━━ STORED DATA

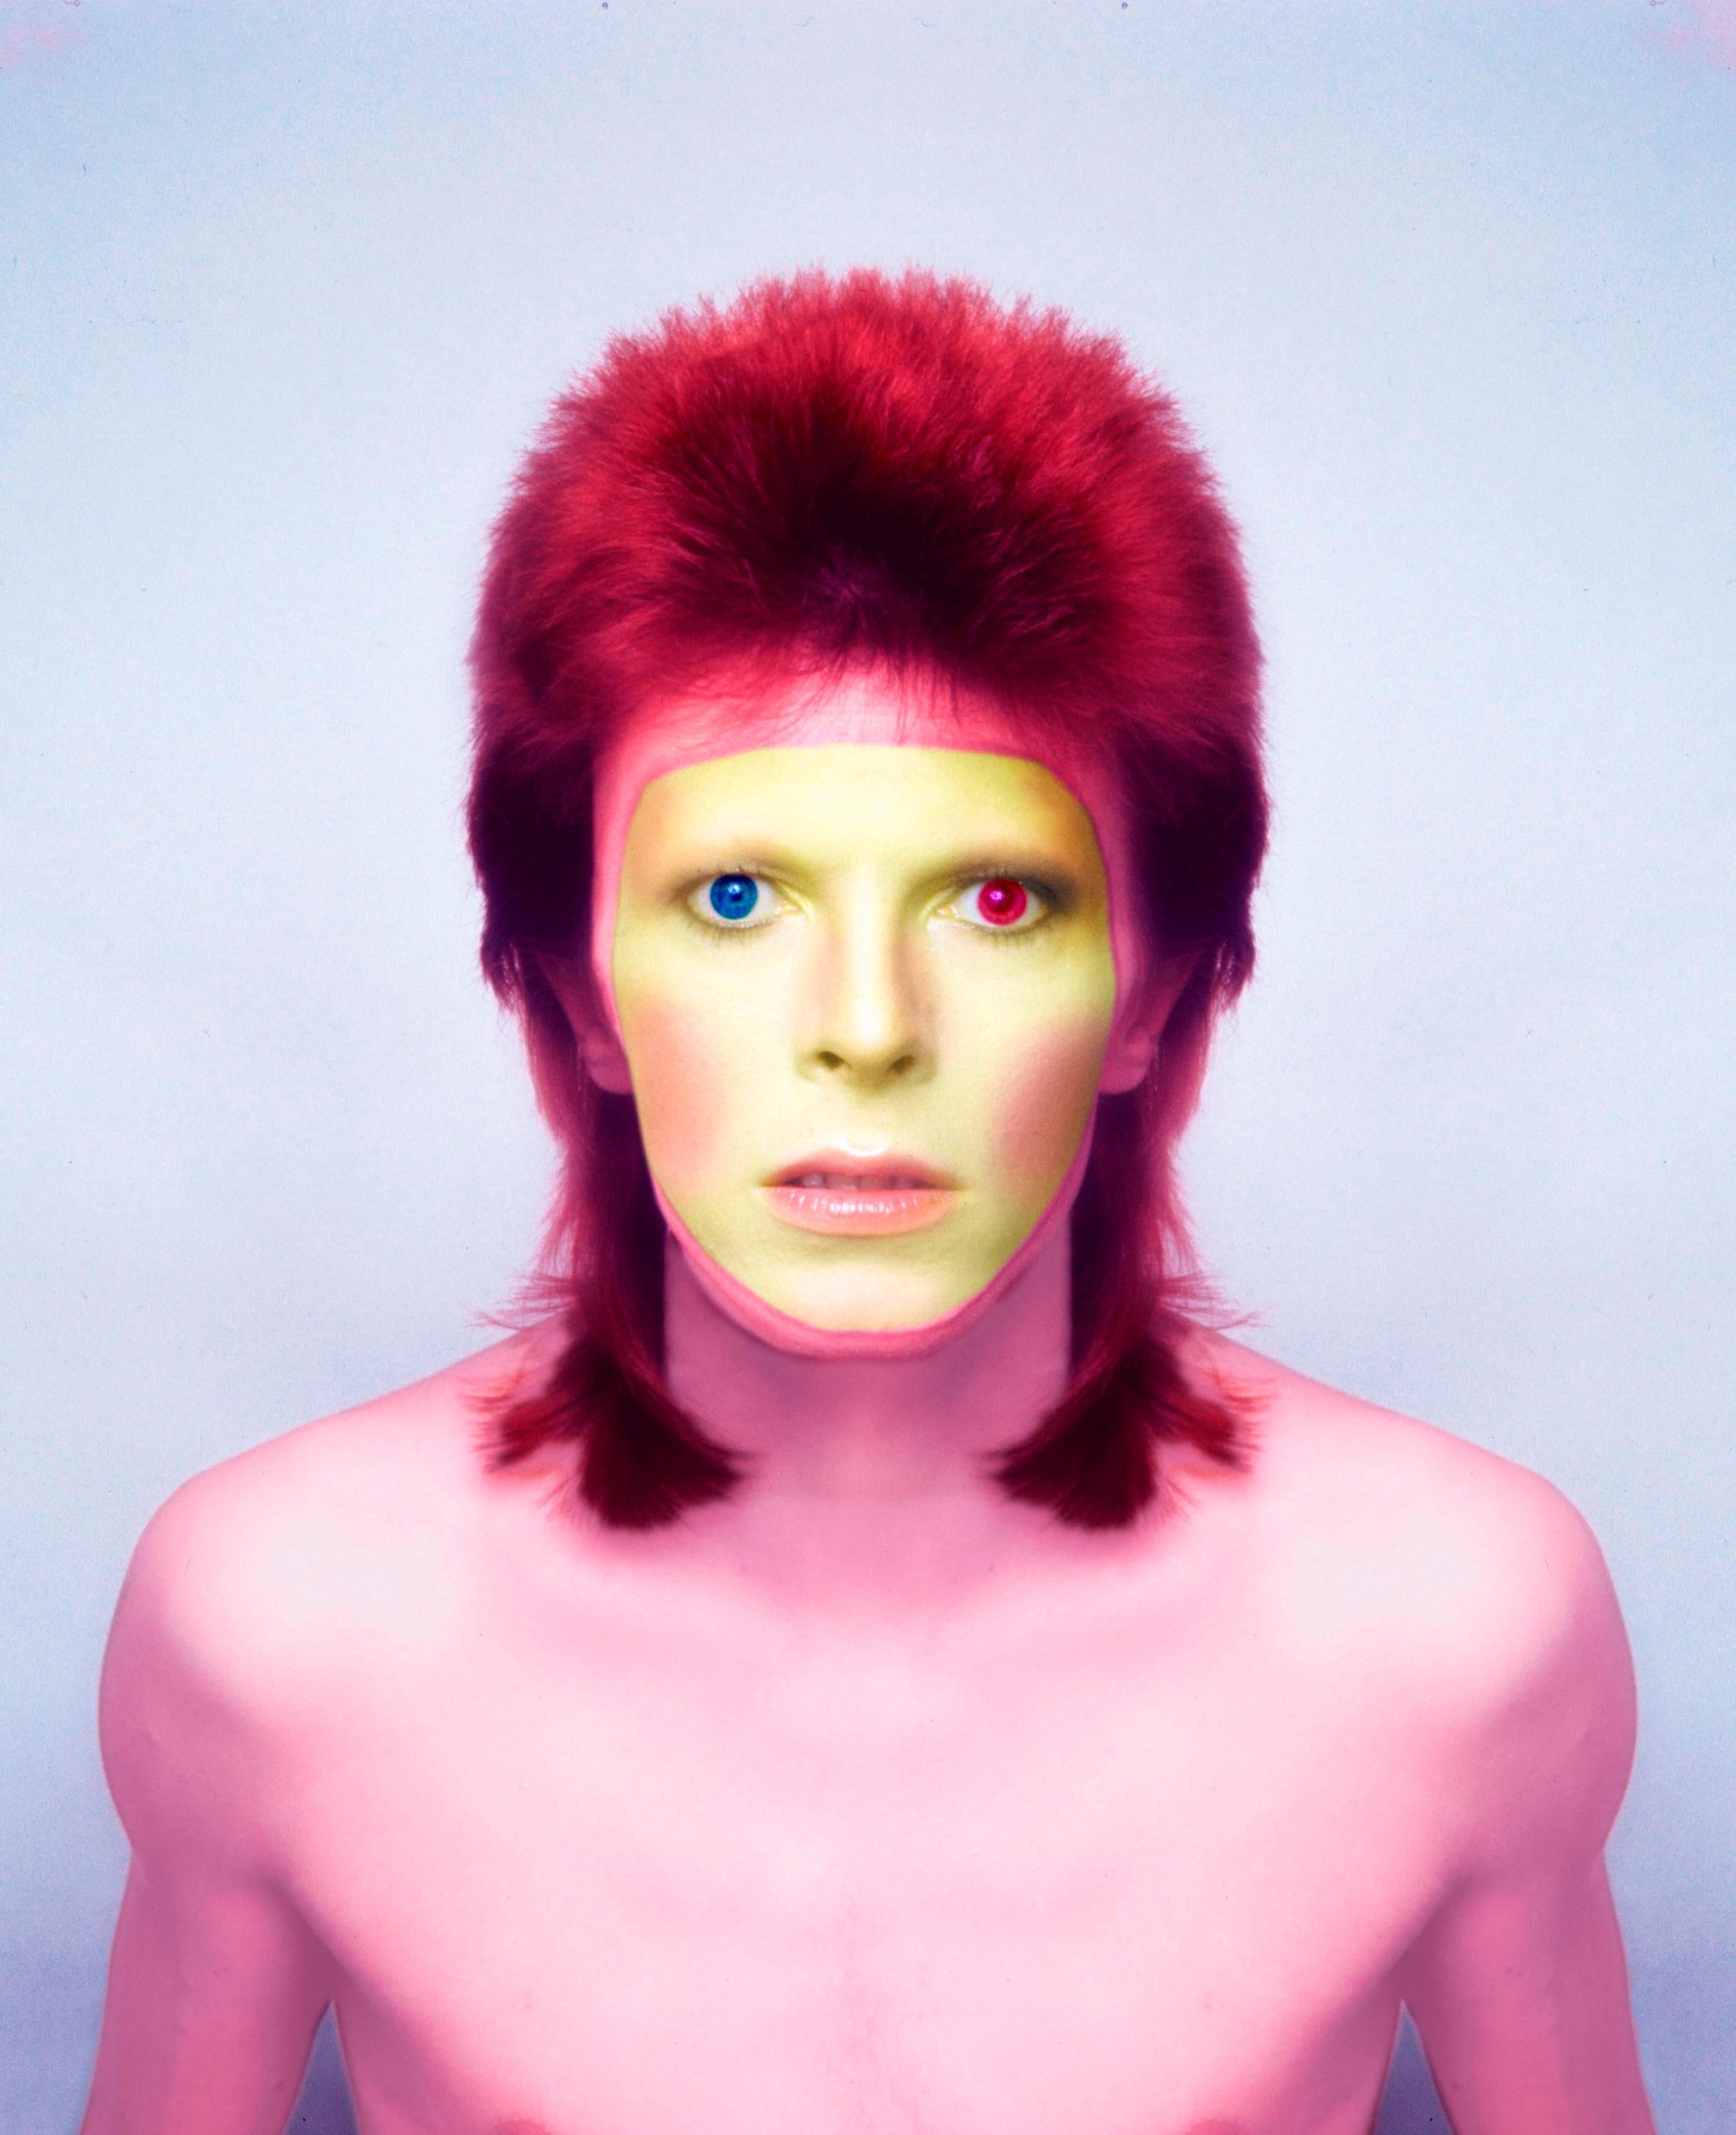 Color Photograph Justin de Villaneuve - « Pin Ups » de David Bowie
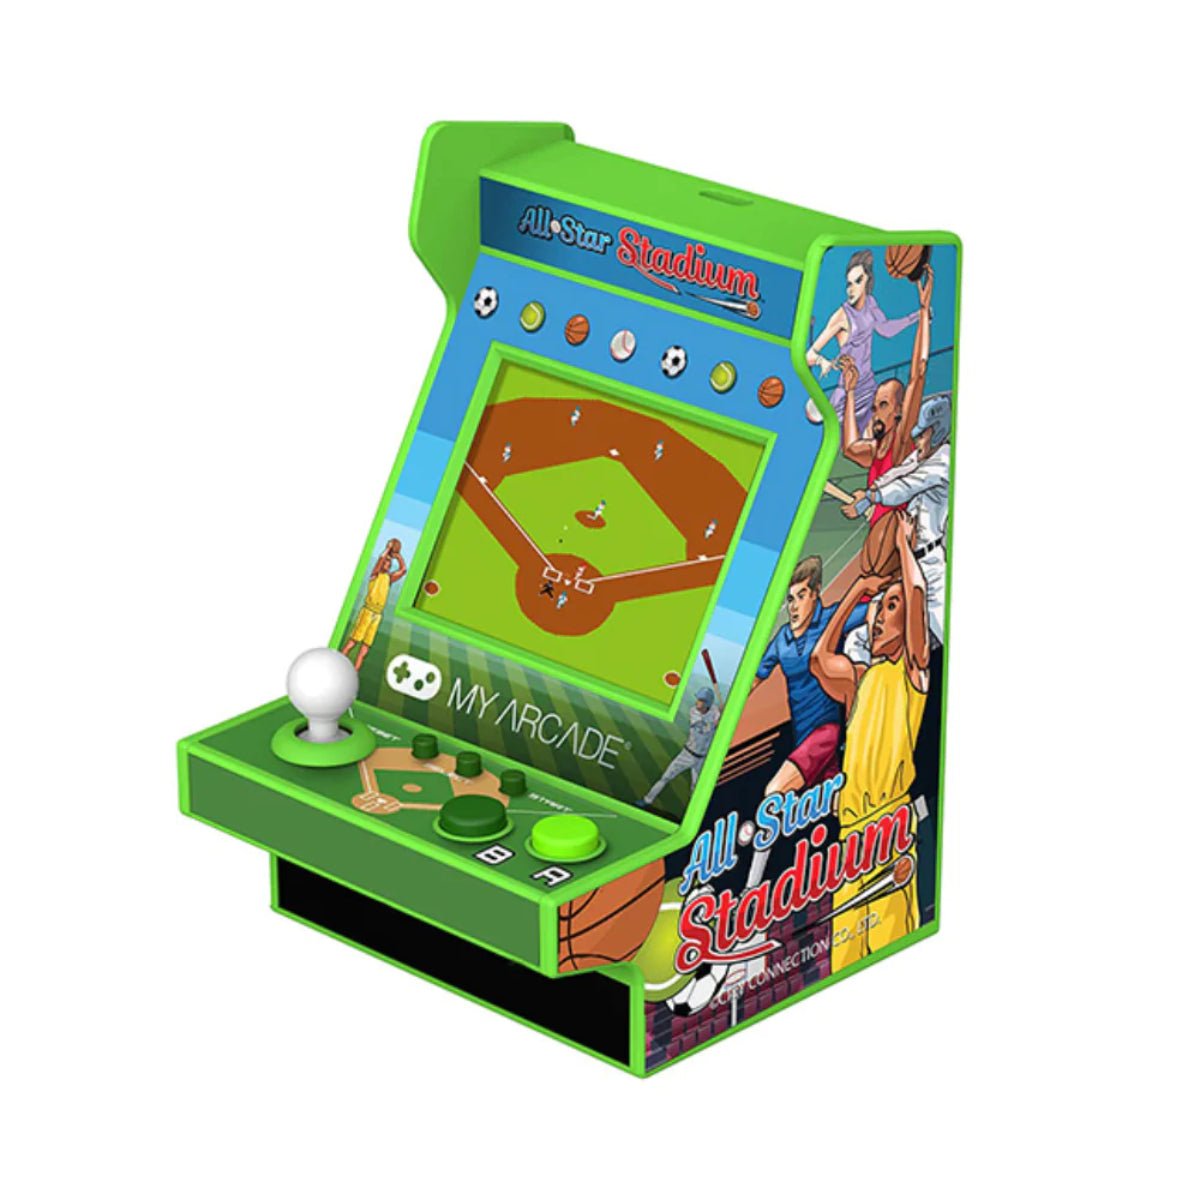 My Arcade All-Star Arena +200 Bonus Games Collectible Retro - Green/White - ماكينة ألعاب - Store 974 | ستور ٩٧٤
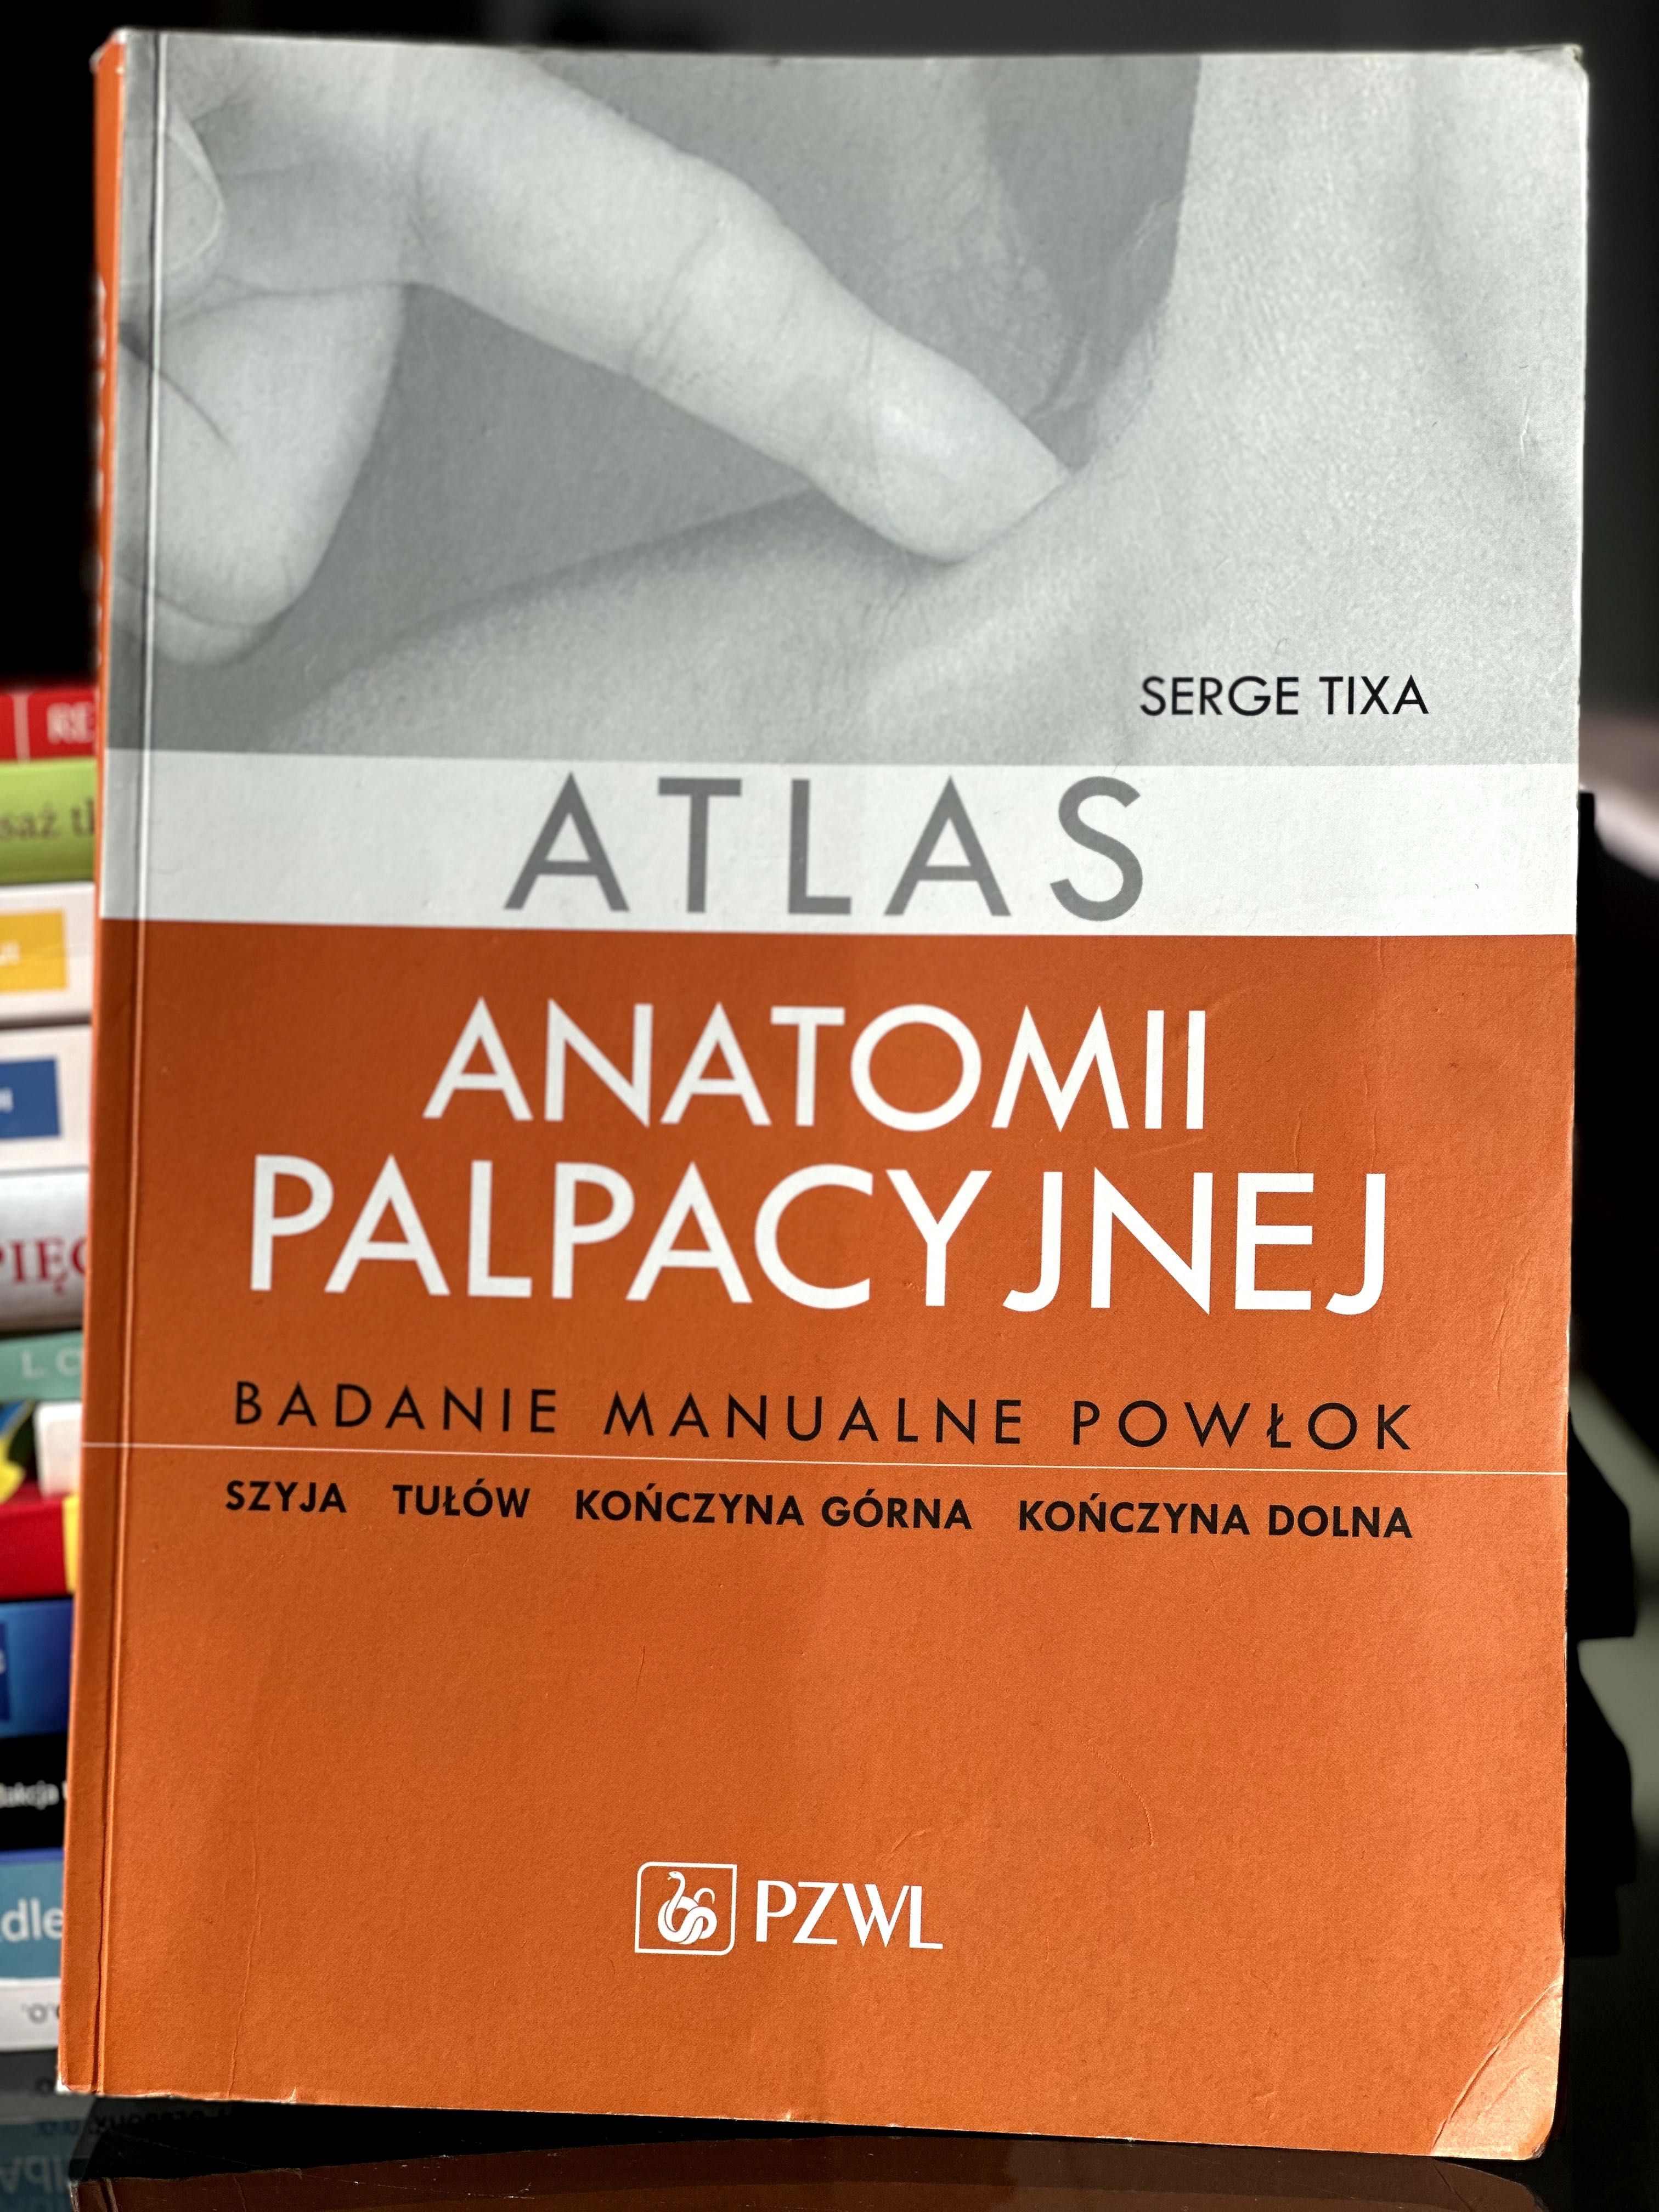 ATLAS Anatomii Palpacyjnej

━━━━

◆ WORK INSTRUCTIONS
Give back, exactly and with nothing added, the lines from the line with "My Arcade All-Star" through the final line of the data, both included; leave pictures out.

◆ ANSWER TO THIS TASK
 My Arcade All-Star Arena +200 Bonus Games Collectible Retro - Green/White - ماكينة ألعاب - Store 974 | ستور ٩٧٤
 ATLAS Anatomii Palpacyjnej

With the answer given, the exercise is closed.